**Task item:** When a record contains an image, skip the image and retype the rest of that record exactly.

Records from a data source
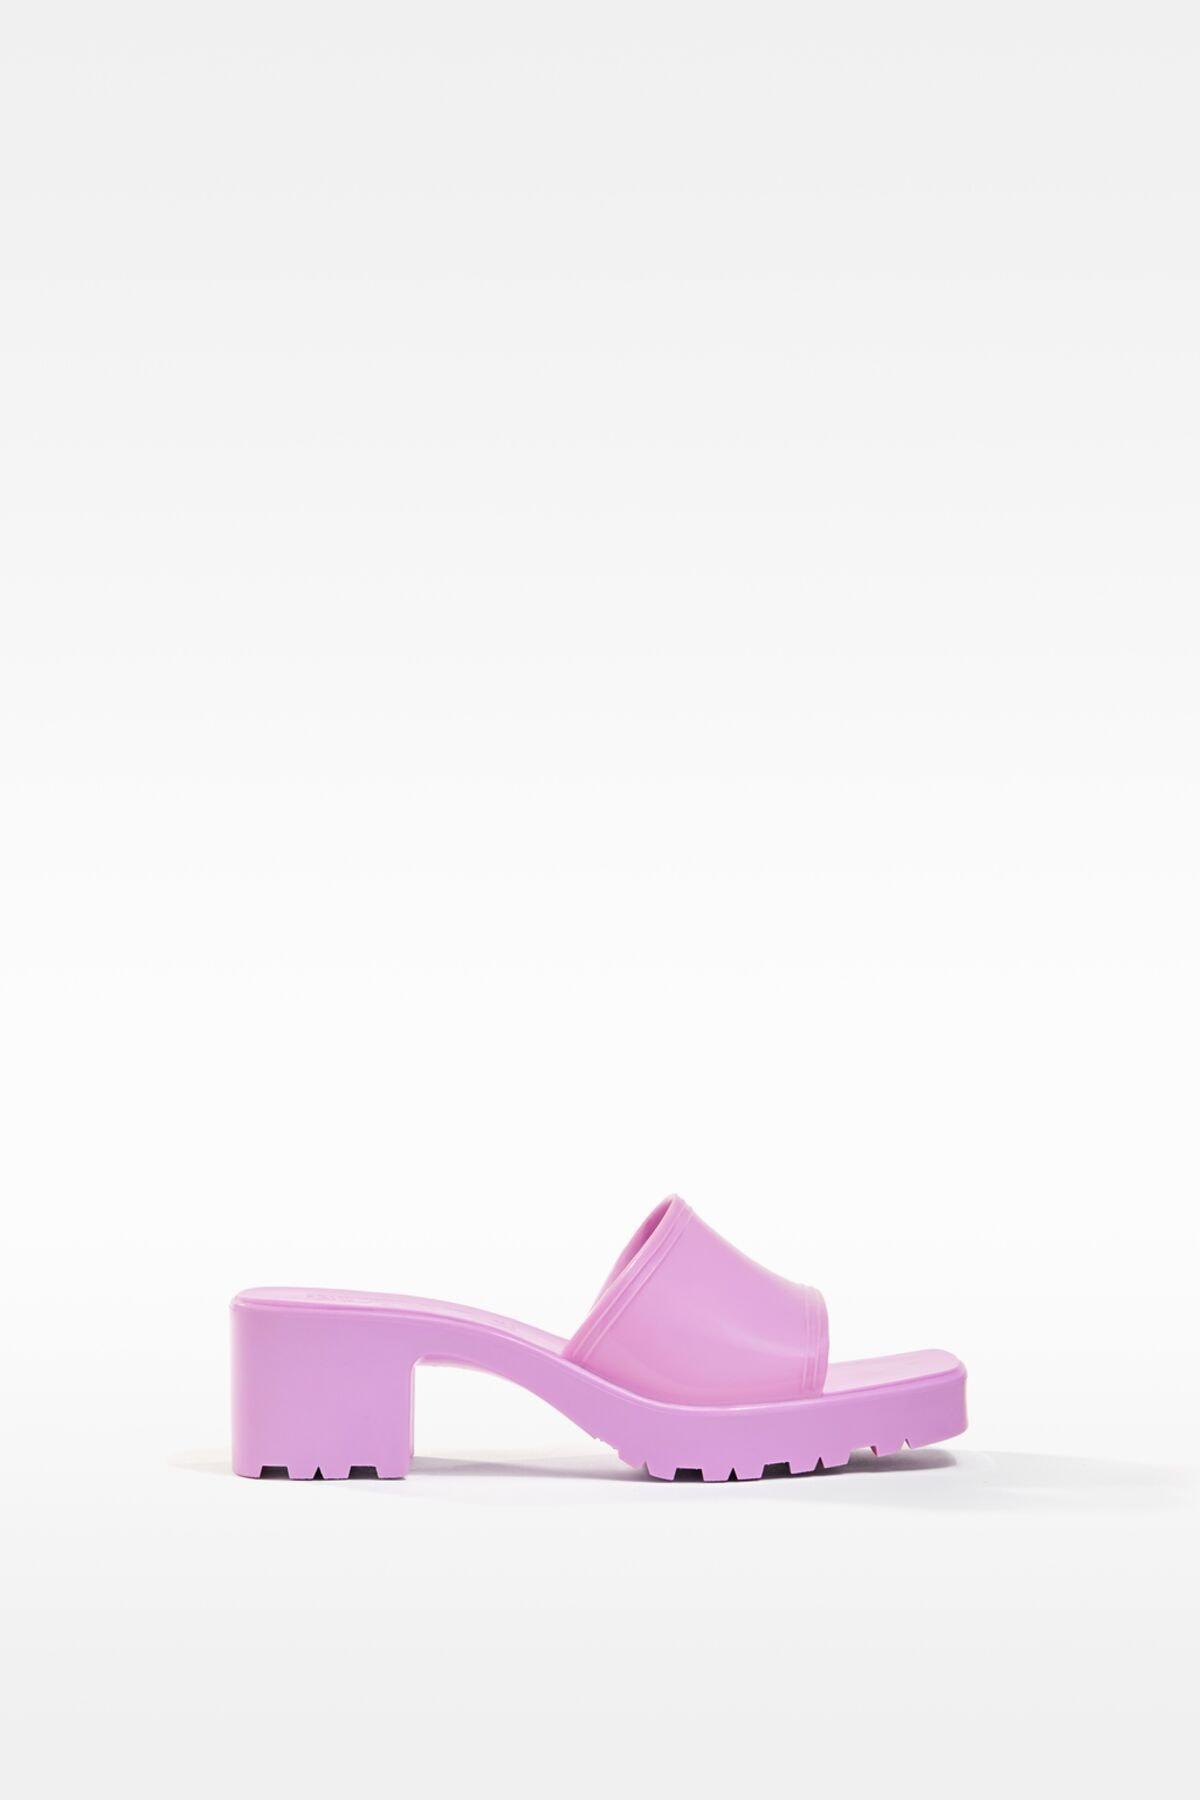 Bershka Kadın Koyu Mor Parlak Topuklu Sandalet 11721760
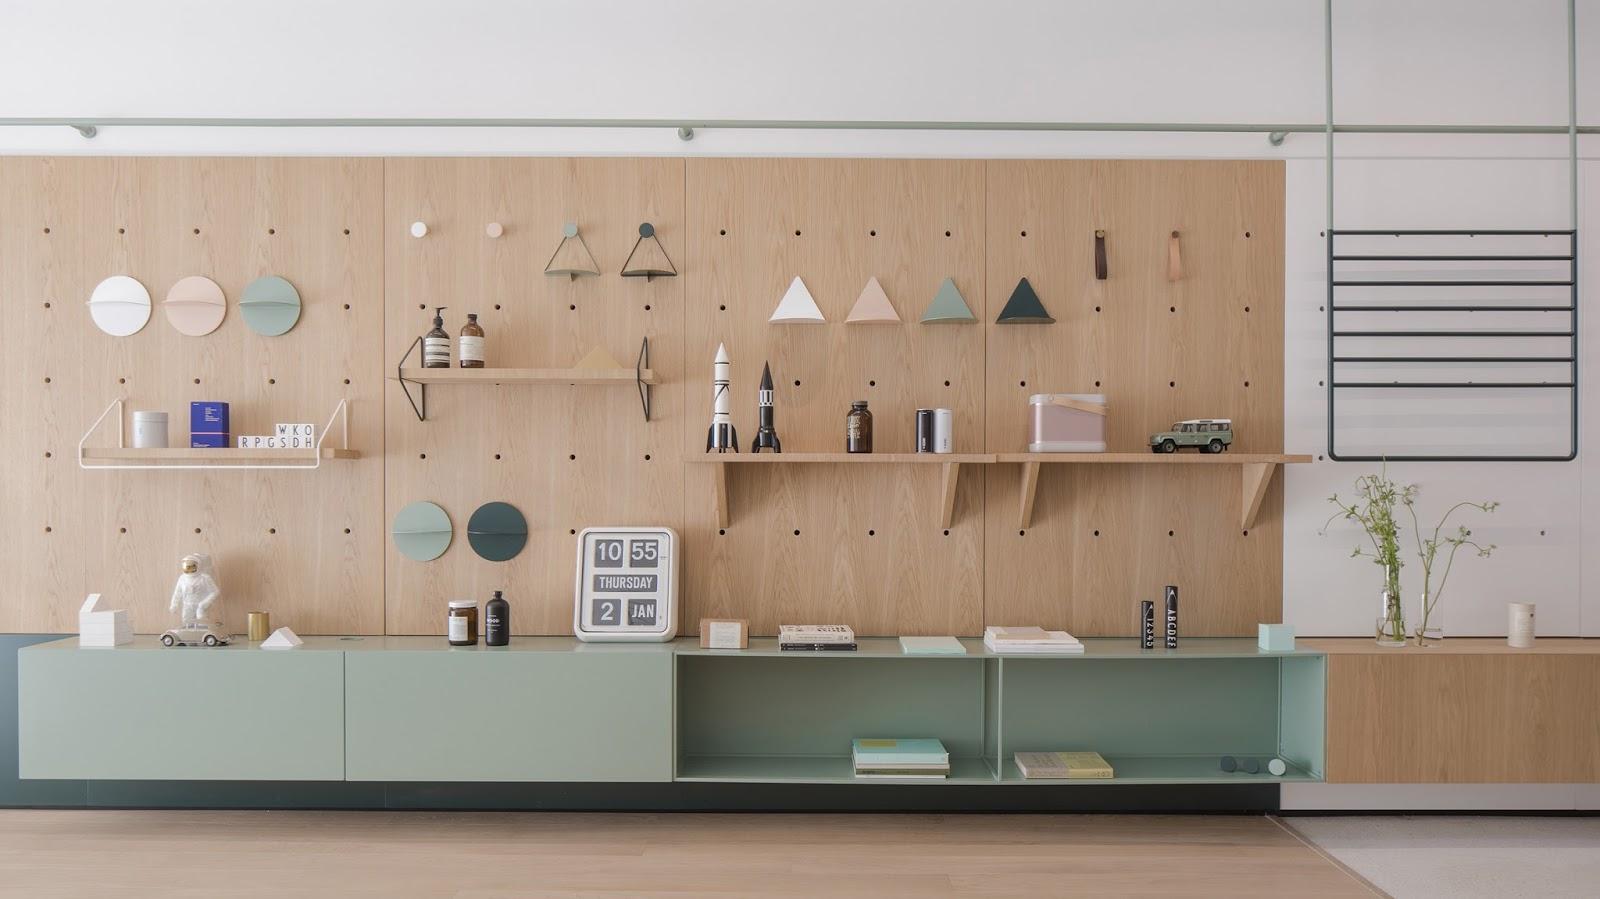 Casa con arredi modulari componibili e giocosi | ARC ART blog by ...
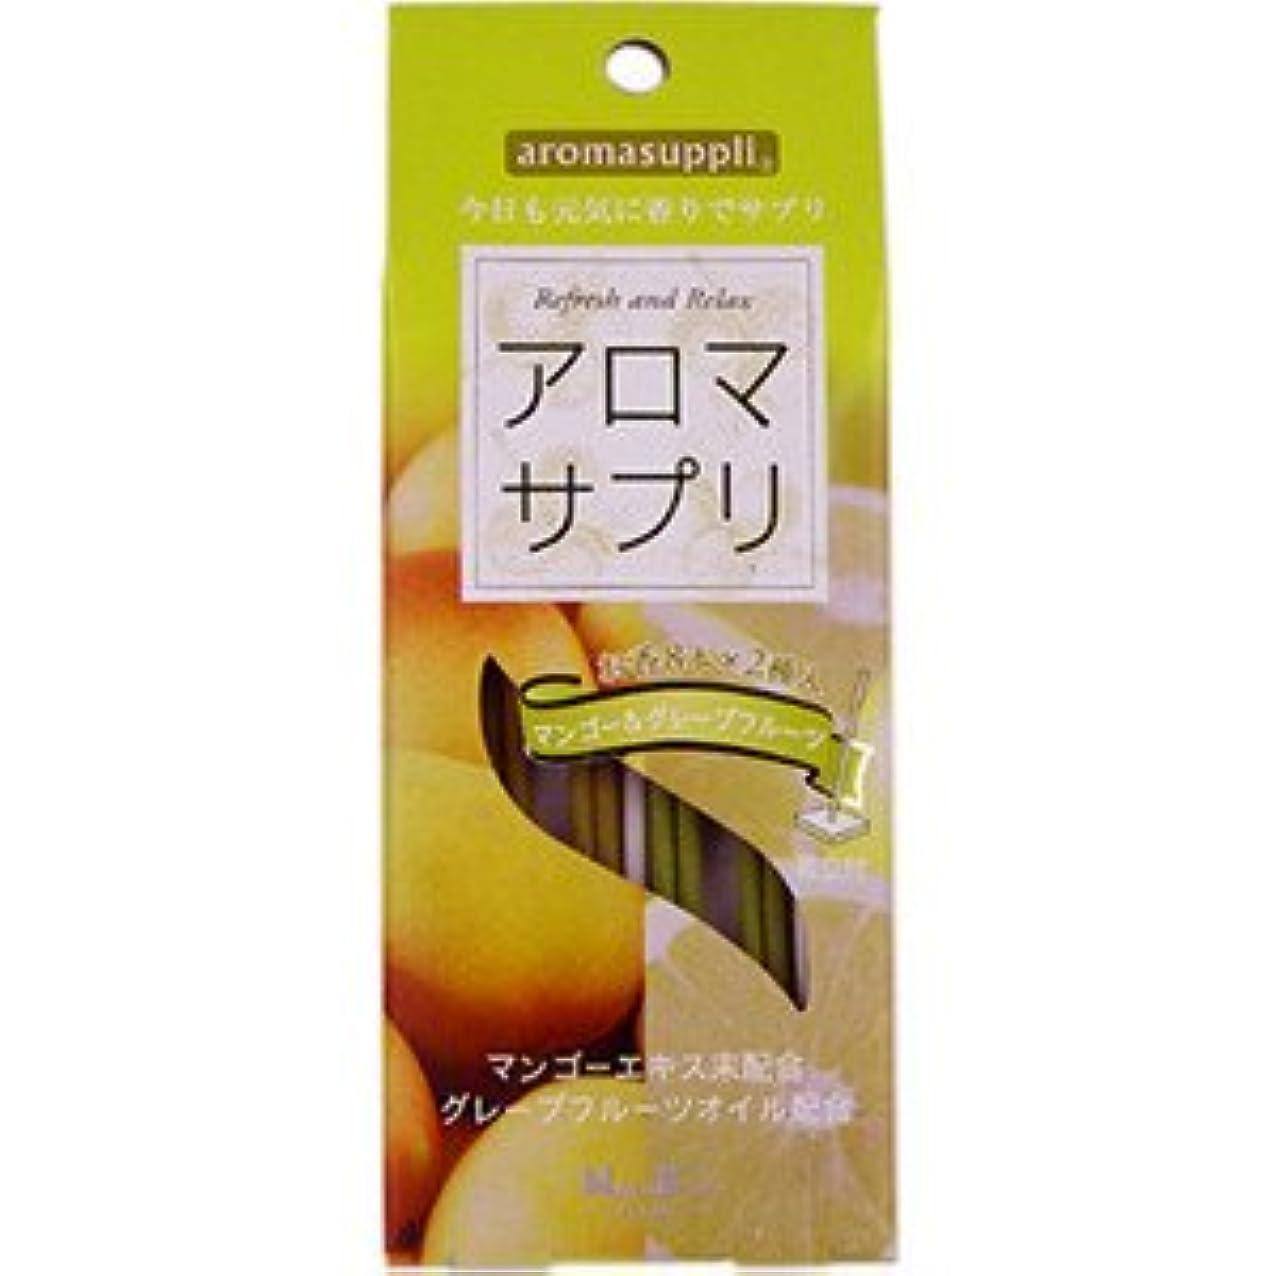 価値のないオーディション田舎日本香堂 アロマサプリ マンゴー&グレープフルーツ
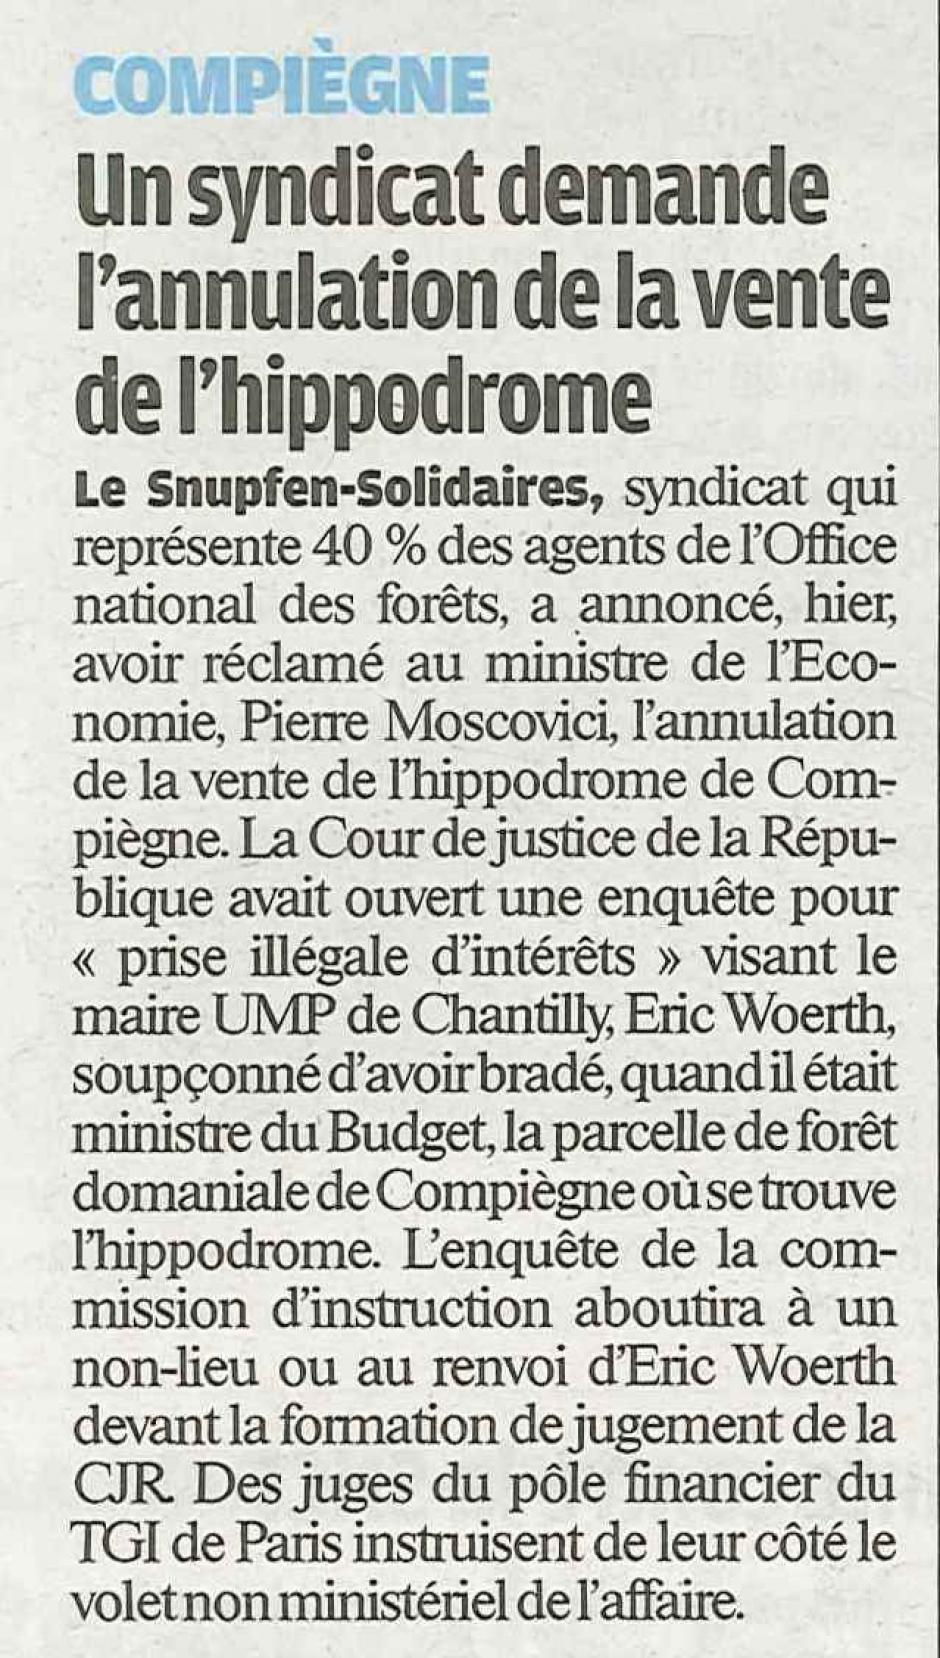 20120602-LeP-Compiègne-Le Snupfen-Solidaires demande l'annulation de la vente de l'hippodrome
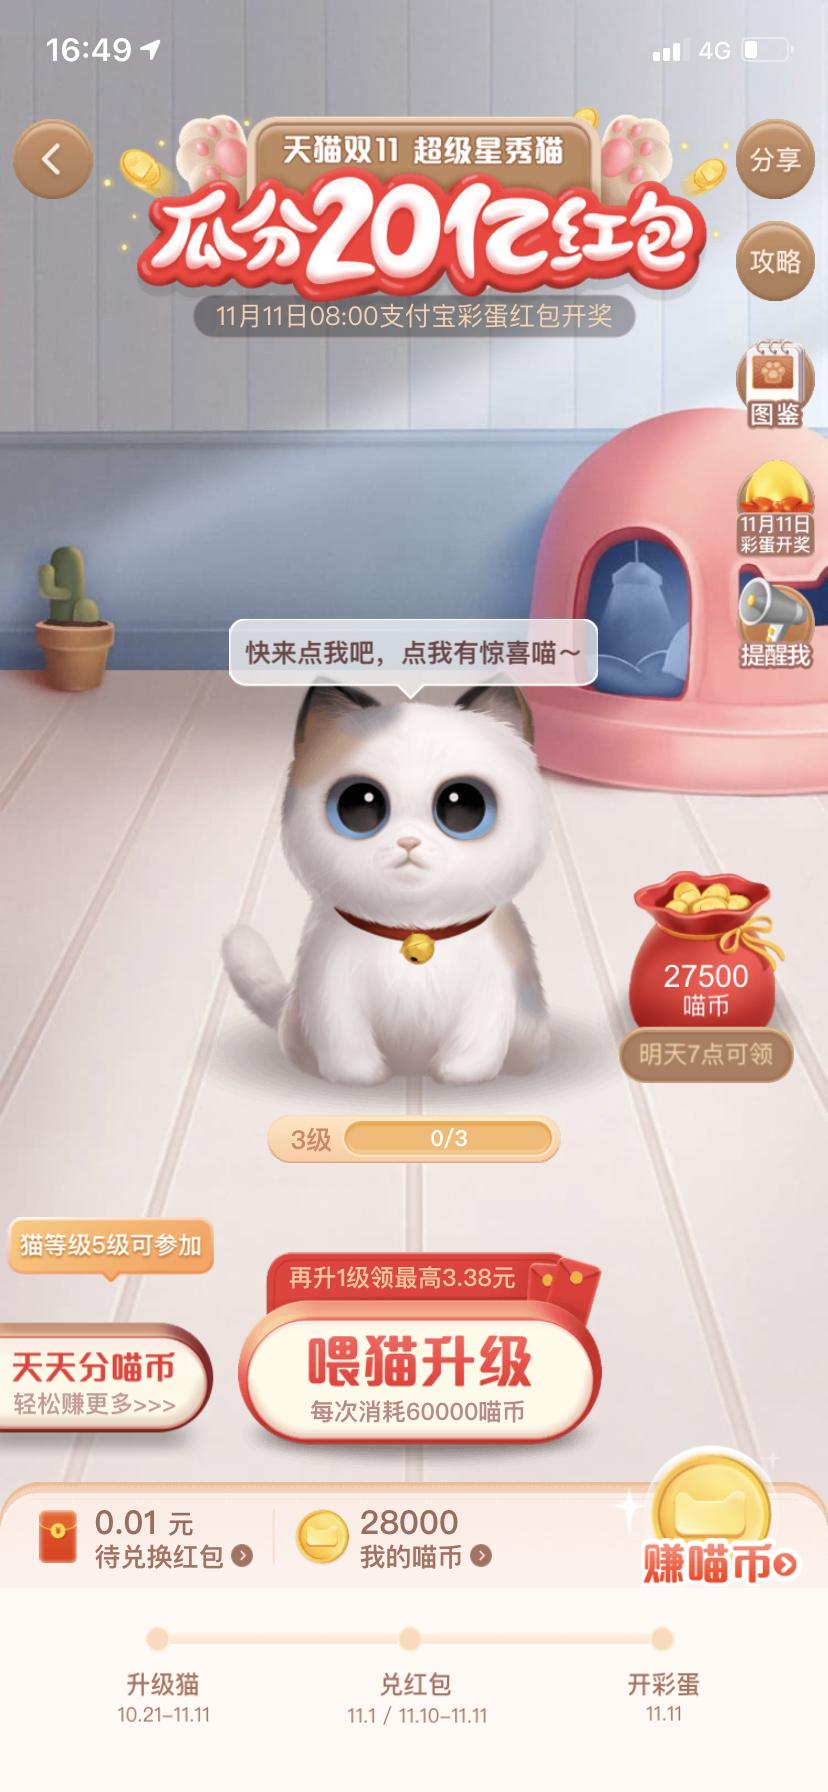 自动养猫v1.0 淘宝双11活动自动任务脚本软件

**Result of the exercise:**
 Bershka Kadın Koyu Mor Parlak Topuklu Sandalet 11721760
 Casa con arredi modulari componibili e giocosi | ARC ART blog by ...
 価値のないオーディション田舎日本香堂 アロマサプリ マンゴー&グレープフルーツ
 20120602-LeP-Compiègne-Le Snupfen-Solidaires demande l'annulation de la vente de l'hippodrome
 自动养猫v1.0 淘宝双11活动自动任务脚本软件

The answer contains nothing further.